Every morning I woke up, I hoped to find myself face to face with him, his soft, warm breaths fanning against my face, his arm draped over my stomach, but he was never there, and everything grew cold without him.

On the way to class, Mikayla stopped me, worry evident in her eyes. "I'm so sorry about Wes. I haven't heard from him in a week."

"You're joking, right?" I raised my eyebrows in confusion. "I thought he was with you."

"Him and I are just friends. His heart belongs to someone else."

My heart dropped in my chest. "W-What..?"

She sighed, smiling sadly at me. "I think you need to read the letter."

***

Journal Project- Final Project

Title: To The Boy I've Always Loved

It was six weeks since you had left.
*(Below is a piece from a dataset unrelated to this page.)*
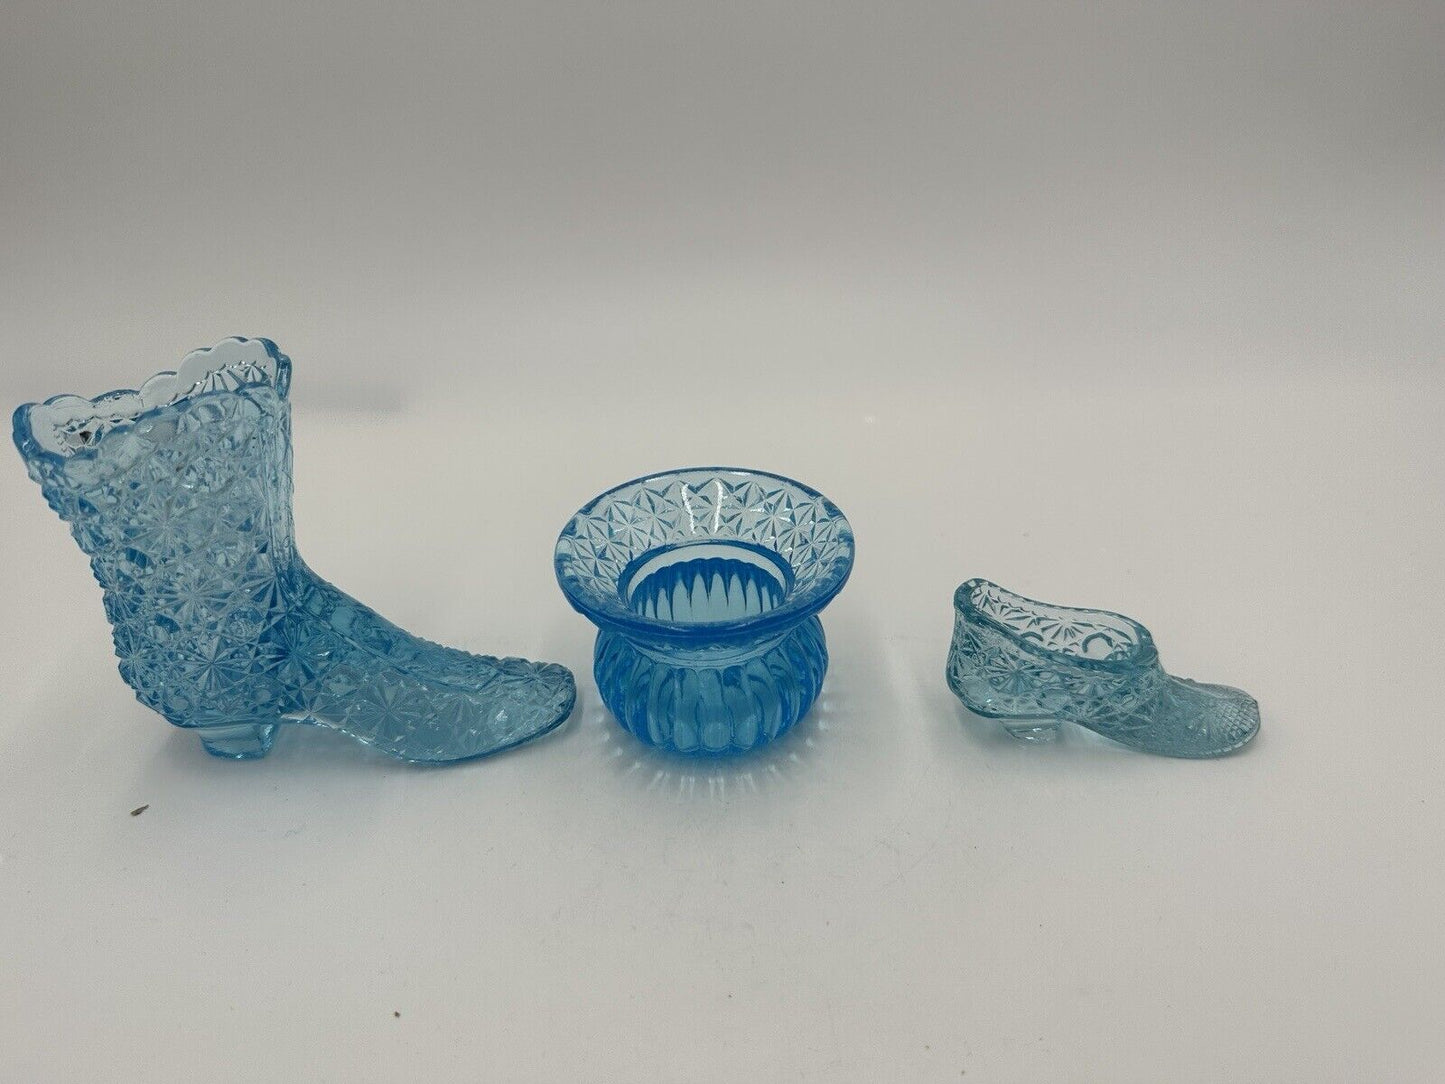 Fenton Glass Slippers Victorian Shoes Mini Vase Ser Vintage Aqua Blue Art

And although you promised nothing would change, everything was unfamiliar to me. I was afraid I was losing you. Every night without you took away my breath, as if you were my only source of oxygen, and when I thought of you over there, experiencing the world without me, forgetting me... no matter how proud I was, it killed me. It broke my heart because I could feel you forgetting me. I wish you were there, next to me, your bright smile and beautiful green eyes right in front of me, your warm arms holding me like you always did, taking away every pain and worry that wreaked havoc on my mind. Everyday that passed made it feel like you were a little bit further away, and no amount of words could ever describe how it felt without you there. I didn't want to face the truth. If all we were doing was wasting time, sitting on the sides of our broken line, then I would have never worried about time again, if it meant you were still there on the other side, waiting for me like I waited for you. When had we become strangers? When had you finally decided I wasn't worth the wait? No matter how much it hurt, I couldn't give up if it meant there was a chance of the you I know coming back to me. Maybe you thought our time had run out, but I think you also knew that I would always be there, waiting for you as if you had never left in the first place. As more time passed, I knew you were moving on, I knew my part in your story was coming to its end, and I wished you had never left. There was so many days I wanted to pick up the phone, hear your voice again and tell you what I had always known I felt towards you, but I knew you didn't want to hear it, so I hung up the phone and sat at my place by the window, patiently waiting. But you never came home. It's been three years since you went away, and everything has changed. Maybe tomorrow you'll come home, but until then, I have to keep the love I have for you stored away, tucked safely in your place in my heart.